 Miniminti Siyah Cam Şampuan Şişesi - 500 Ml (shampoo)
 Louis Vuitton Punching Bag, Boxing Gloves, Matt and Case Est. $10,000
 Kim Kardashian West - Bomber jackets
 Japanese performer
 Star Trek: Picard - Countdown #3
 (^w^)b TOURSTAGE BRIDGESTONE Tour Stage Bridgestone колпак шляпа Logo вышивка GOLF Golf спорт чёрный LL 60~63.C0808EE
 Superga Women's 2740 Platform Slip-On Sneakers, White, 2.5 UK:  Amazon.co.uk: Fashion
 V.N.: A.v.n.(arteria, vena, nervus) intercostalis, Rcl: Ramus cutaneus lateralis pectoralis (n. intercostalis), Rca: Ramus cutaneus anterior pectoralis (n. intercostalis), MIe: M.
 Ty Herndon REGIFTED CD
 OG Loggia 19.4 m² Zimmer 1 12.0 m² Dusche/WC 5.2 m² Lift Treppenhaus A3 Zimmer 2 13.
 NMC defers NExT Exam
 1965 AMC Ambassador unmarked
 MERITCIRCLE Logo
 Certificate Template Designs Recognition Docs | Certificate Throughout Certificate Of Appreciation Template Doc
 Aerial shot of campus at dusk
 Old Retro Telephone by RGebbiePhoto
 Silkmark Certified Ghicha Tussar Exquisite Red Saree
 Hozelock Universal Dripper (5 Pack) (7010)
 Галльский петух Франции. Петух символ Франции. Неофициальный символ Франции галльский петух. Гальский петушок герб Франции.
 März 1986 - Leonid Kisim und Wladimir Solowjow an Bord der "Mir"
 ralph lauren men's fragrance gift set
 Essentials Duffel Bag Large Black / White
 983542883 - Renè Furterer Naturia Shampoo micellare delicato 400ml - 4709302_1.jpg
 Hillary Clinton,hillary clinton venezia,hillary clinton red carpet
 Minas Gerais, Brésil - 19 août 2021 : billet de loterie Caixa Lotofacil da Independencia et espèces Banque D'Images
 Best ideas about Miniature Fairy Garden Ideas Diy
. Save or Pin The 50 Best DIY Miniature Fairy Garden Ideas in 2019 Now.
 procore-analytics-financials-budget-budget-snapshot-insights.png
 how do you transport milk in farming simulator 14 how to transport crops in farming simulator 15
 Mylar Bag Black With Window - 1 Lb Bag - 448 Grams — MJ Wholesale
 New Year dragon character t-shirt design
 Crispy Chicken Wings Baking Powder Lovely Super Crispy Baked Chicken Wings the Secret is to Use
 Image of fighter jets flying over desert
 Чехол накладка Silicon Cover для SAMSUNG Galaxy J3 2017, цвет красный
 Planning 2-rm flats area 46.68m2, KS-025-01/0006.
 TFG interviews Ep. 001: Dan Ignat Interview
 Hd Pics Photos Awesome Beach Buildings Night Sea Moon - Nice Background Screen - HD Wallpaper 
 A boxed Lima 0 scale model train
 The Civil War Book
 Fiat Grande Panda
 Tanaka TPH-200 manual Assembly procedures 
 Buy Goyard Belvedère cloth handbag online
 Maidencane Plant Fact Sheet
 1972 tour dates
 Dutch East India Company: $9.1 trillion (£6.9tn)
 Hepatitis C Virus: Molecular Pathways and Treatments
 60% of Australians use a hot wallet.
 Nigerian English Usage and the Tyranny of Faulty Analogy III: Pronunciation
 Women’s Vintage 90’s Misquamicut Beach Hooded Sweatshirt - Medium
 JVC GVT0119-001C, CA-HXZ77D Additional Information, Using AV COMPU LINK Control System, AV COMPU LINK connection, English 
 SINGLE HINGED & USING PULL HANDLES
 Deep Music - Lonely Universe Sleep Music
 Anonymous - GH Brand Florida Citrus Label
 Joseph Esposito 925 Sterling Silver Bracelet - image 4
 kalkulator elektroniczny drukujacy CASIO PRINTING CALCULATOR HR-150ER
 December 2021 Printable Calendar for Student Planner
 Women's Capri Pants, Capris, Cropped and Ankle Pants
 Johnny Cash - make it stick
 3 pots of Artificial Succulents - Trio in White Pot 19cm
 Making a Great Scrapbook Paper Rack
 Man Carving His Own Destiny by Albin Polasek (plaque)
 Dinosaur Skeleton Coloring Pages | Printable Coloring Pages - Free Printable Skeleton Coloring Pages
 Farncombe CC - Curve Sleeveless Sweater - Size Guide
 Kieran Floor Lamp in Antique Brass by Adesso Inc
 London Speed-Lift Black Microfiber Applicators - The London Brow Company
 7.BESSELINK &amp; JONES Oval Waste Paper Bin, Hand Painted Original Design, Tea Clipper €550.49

· · ·

• TASK DIRECTIONS:
Every line above from the line with "in 2019 Now." to the line with "TFG interviews Ep. 001: Dan Ignat Interview" is wanted, ends included; write them out exactly and add no other line.

• ANSWER SPACE:
. Save or Pin The 50 Best DIY Miniature Fairy Garden Ideas in 2019 Now.
 procore-analytics-financials-budget-budget-snapshot-insights.png
 how do you transport milk in farming simulator 14 how to transport crops in farming simulator 15
 Mylar Bag Black With Window - 1 Lb Bag - 448 Grams — MJ Wholesale
 New Year dragon character t-shirt design
 Crispy Chicken Wings Baking Powder Lovely Super Crispy Baked Chicken Wings the Secret is to Use
 Image of fighter jets flying over desert
 Чехол накладка Silicon Cover для SAMSUNG Galaxy J3 2017, цвет красный
 Planning 2-rm flats area 46.68m2, KS-025-01/0006.
 TFG interviews Ep. 001: Dan Ignat Interview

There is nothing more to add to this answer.